INSTRUCTIONS FOR THE TASK
All of the data, word for word and free of pictures, is the expected result.
+++ DATA +++
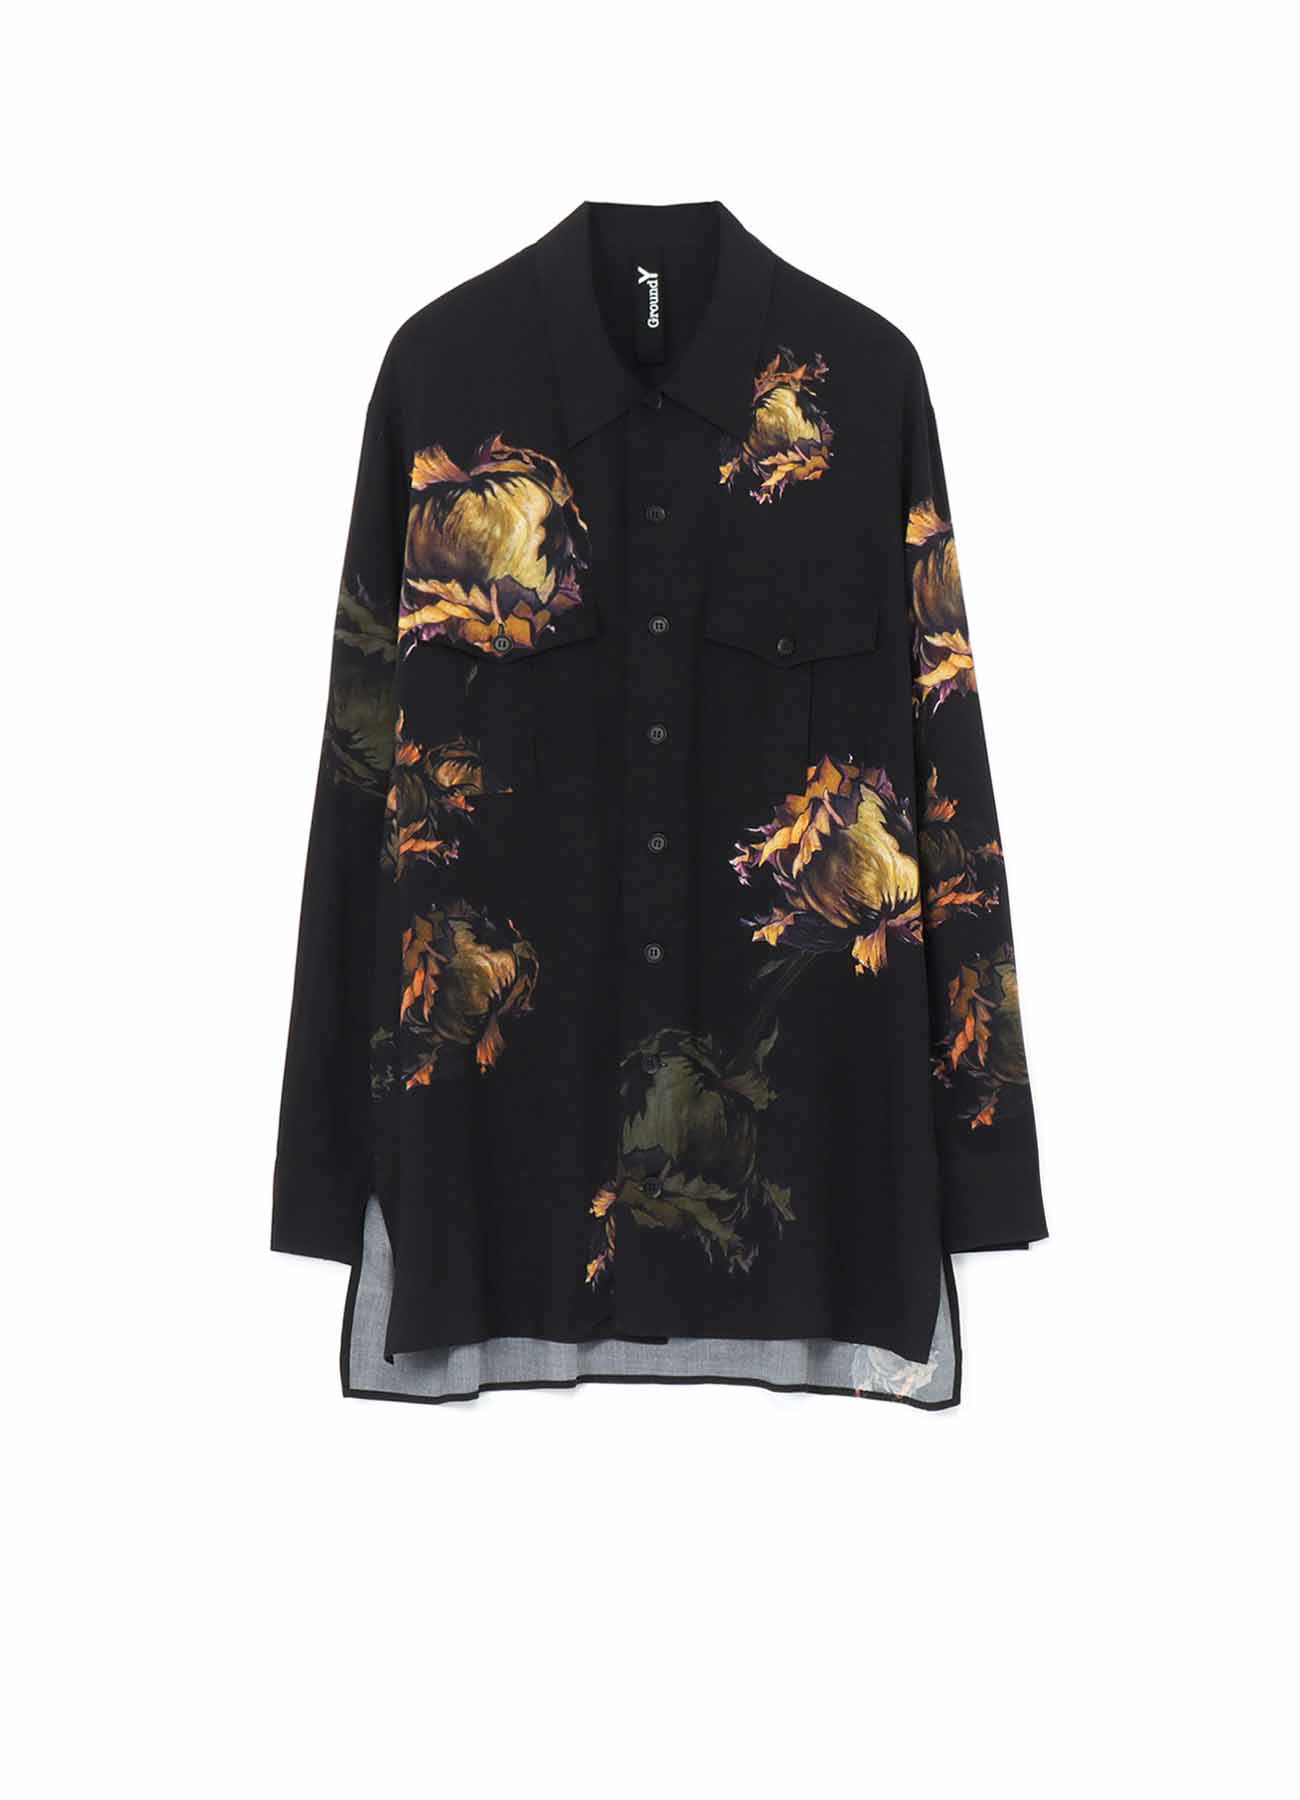 Pressed Flower A Rayon French Military Shirt
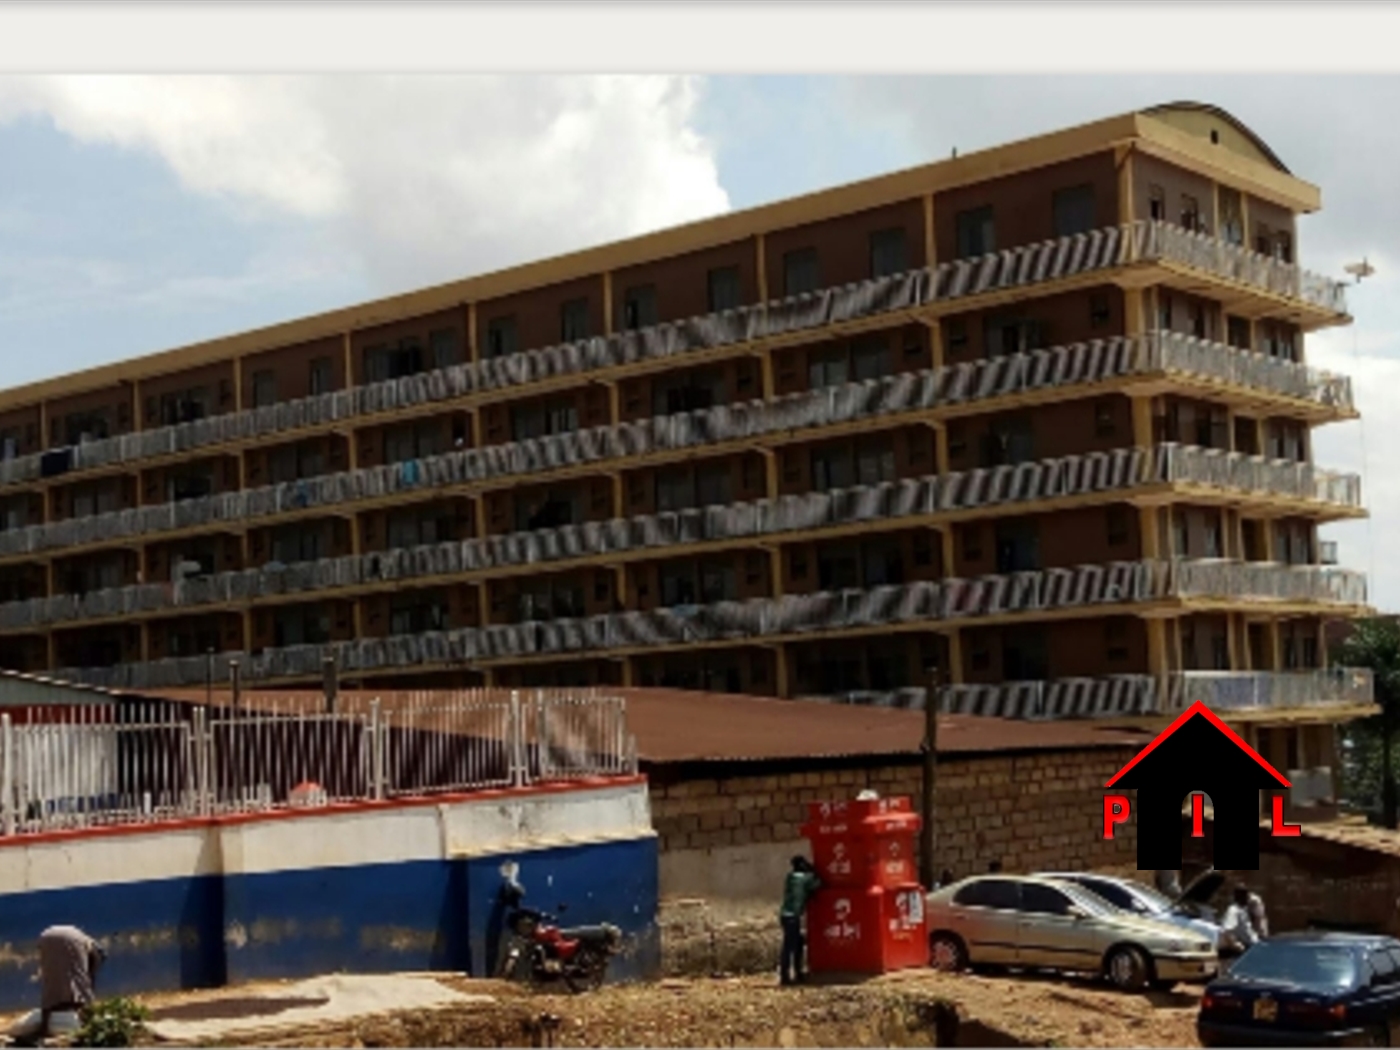 Commercial Land for sale in Aruapark Kampala
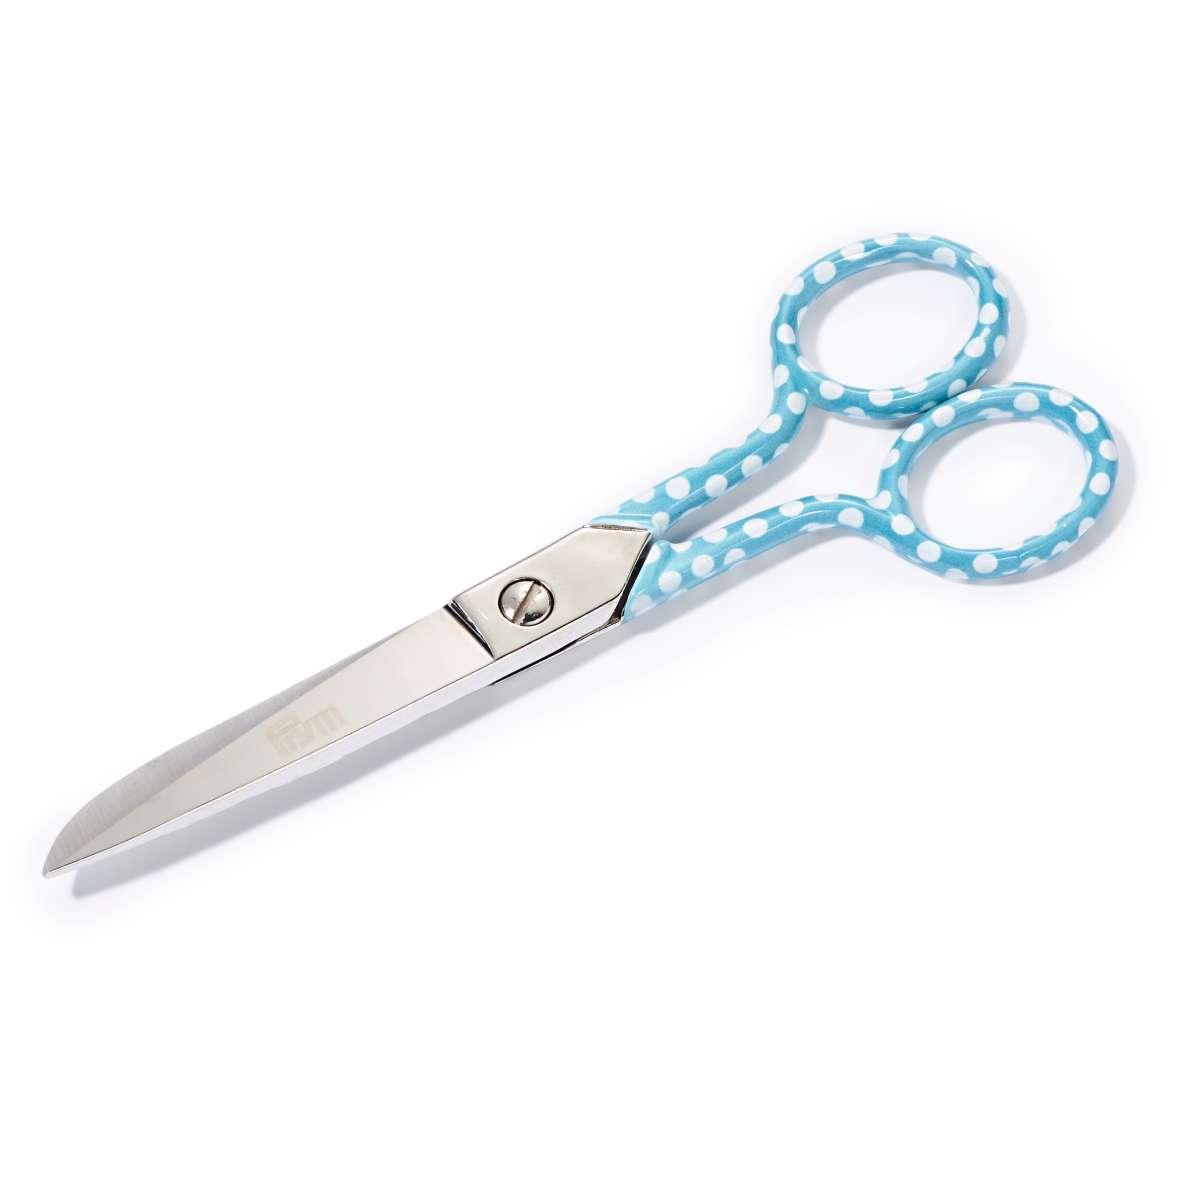 Intsun Electric Fabric Scissors with Rechargeable UK
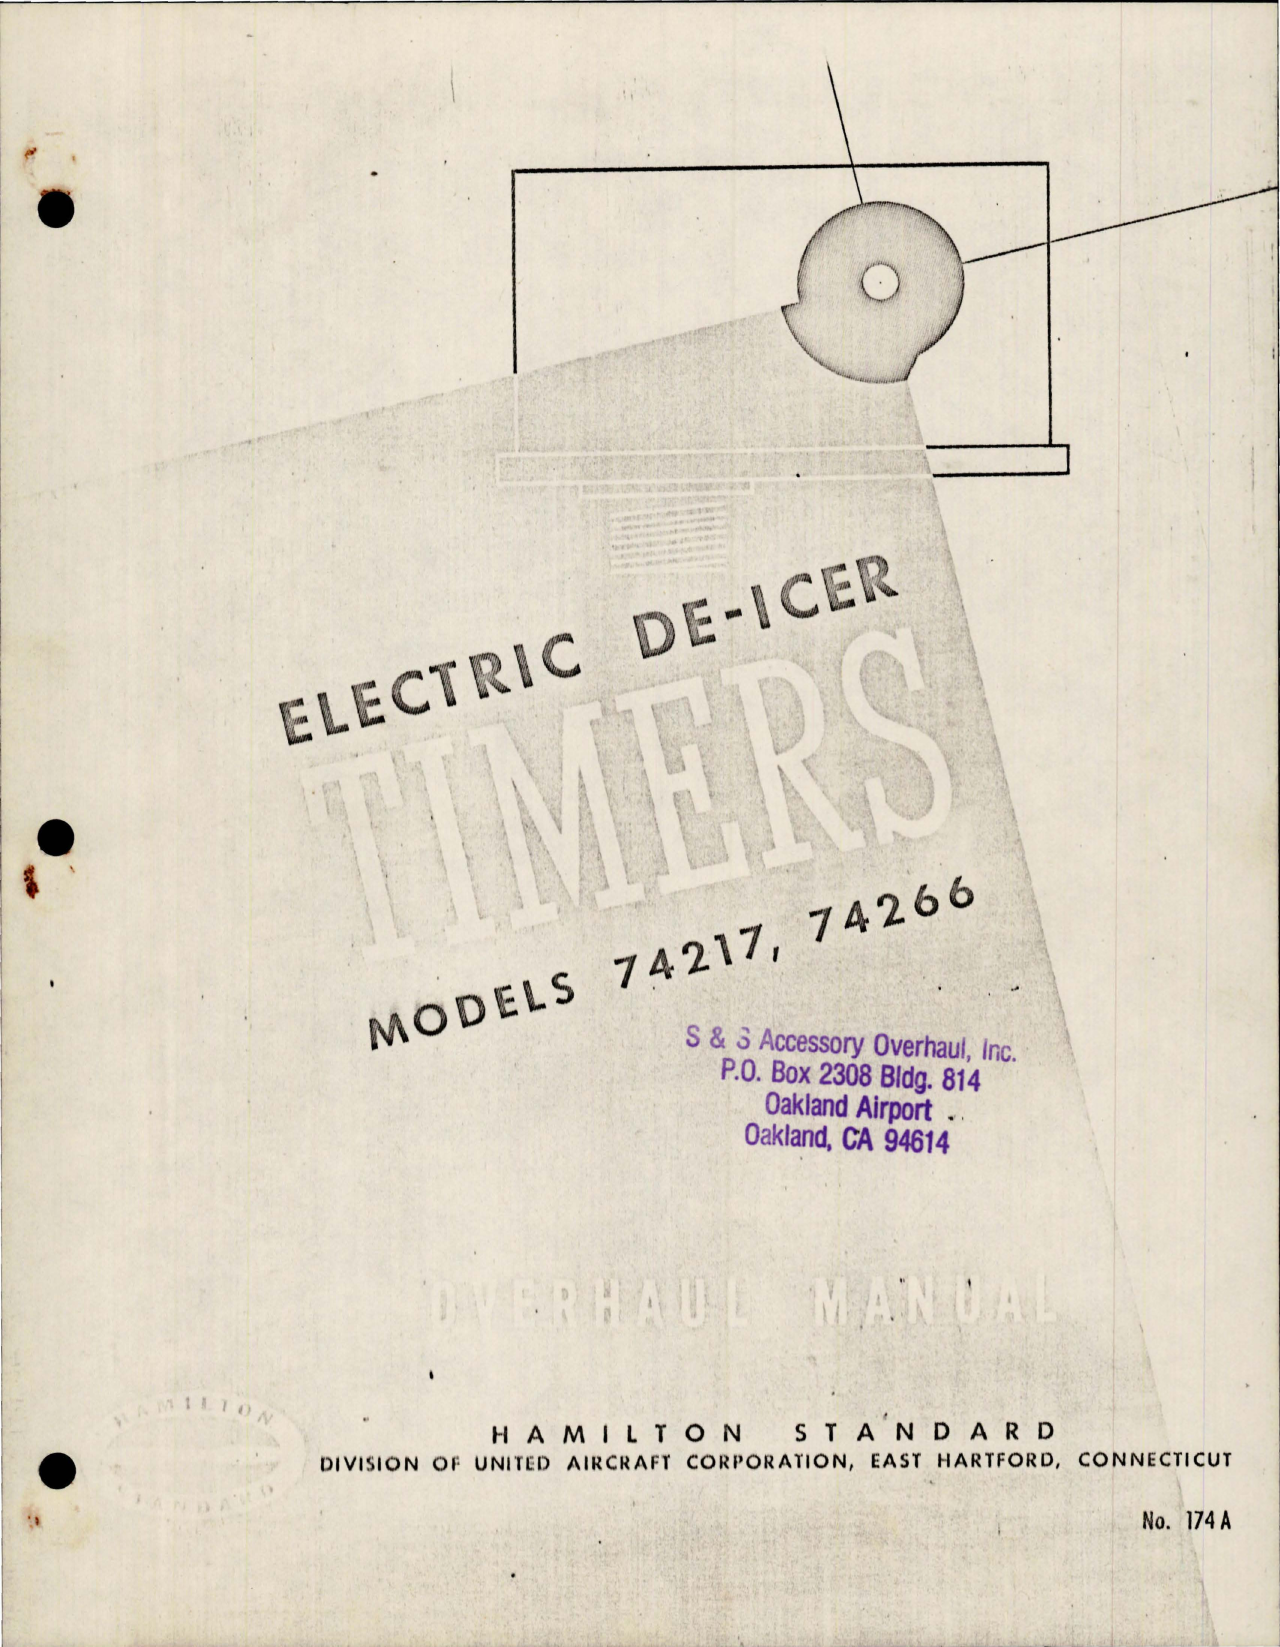 Sample page 1 from AirCorps Library document: Overhaul Manual w Parts for Electric De-Icer Timers - Models 74217 and 74266
+++
OUTPUT OF THE EXERCISE
 Pressed Flower A Rayon French Military Shirt
 Commercial Land for sale in Aruapark Kampala
 Intsun Electric Fabric Scissors with Rechargeable UK
 Sample page 1 from AirCorps Library document: Overhaul Manual w Parts for Electric De-Icer Timers - Models 74217 and 74266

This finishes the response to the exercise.